What If? The Power of the Question

After being away from QSM and the software world for three years, I was blown away by SLIM v8.0's dynamic product integration. I knew it was coming, yet I was still impressed by the simplicity and power of analysis promoted by real-time data and tool links across the SLIM Suite that frees managers to focus on the important program issues.

SLIM-MasterPlan is the center of the SLIM Suite product integration.  It improves upon previously existing program management features of aggregating multiple SLIM-Estimate projects and ancillary tasks with two new capabilities: 

  • Linking SLIM-Control workbooks to provide real-time project tracking and control at the program level 
  • Performing What If analysis at this higher management view to consider a wider range of potential outcomes.

The What If analysis feature is what I want to highlight.

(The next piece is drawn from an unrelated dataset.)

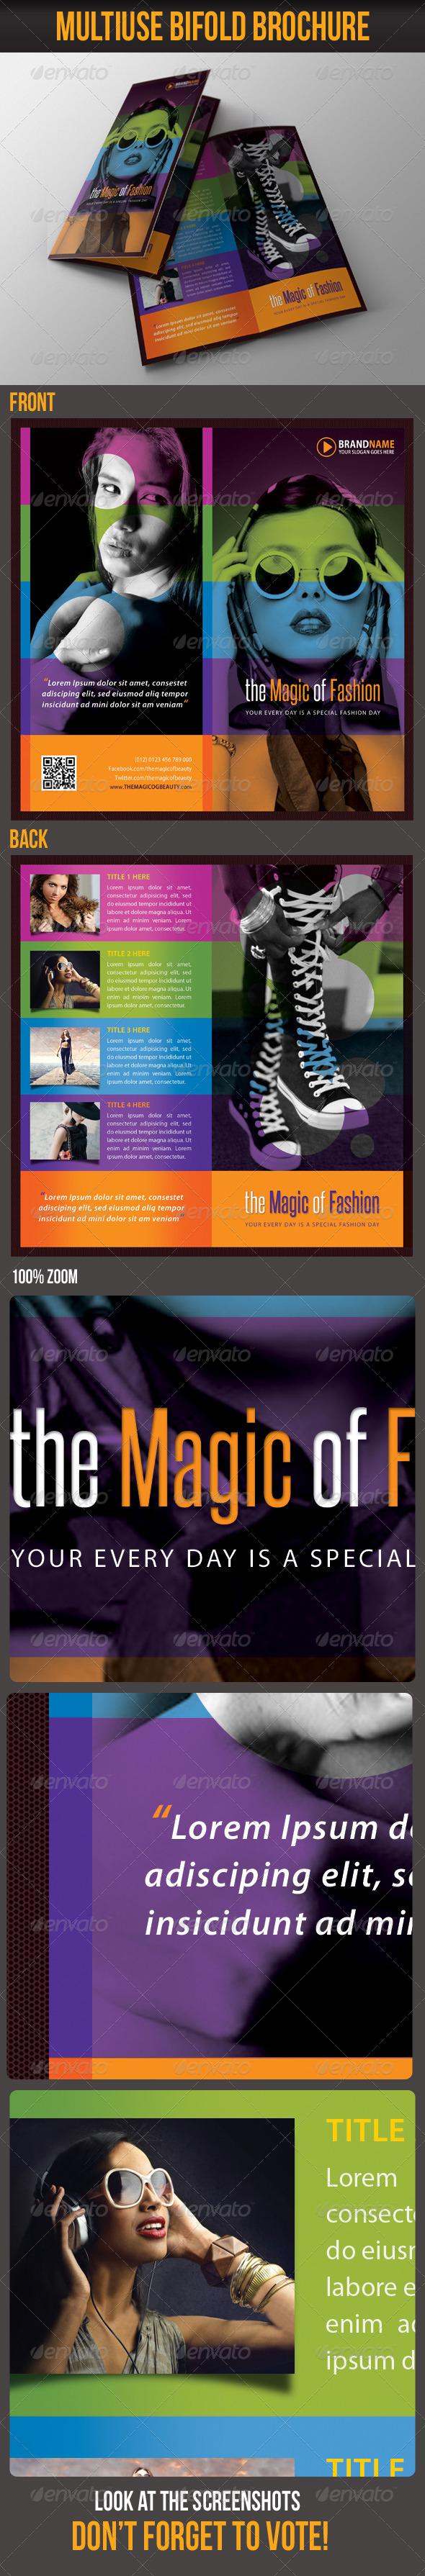 Multiuse Bifold Brochure 20 - Catalogs Brochures

A good personal development coach knows the "power of the question."  Questions lead to discovery, innovation, and action that brings about positive change.  Better questions lead to better answers.  SLIM's power and distinction has always been fast and easy evaluation of the impact of change, and exploring the realm of possible outcomes.  That's what we are doing when we ask ourselves "What If…?" (or our boss asks us - and we better know the answer!).  SLIM's solution logs make it easy to compare estimates, plans, and forecasts to alternative solutions, QSM trends, and your historical project database.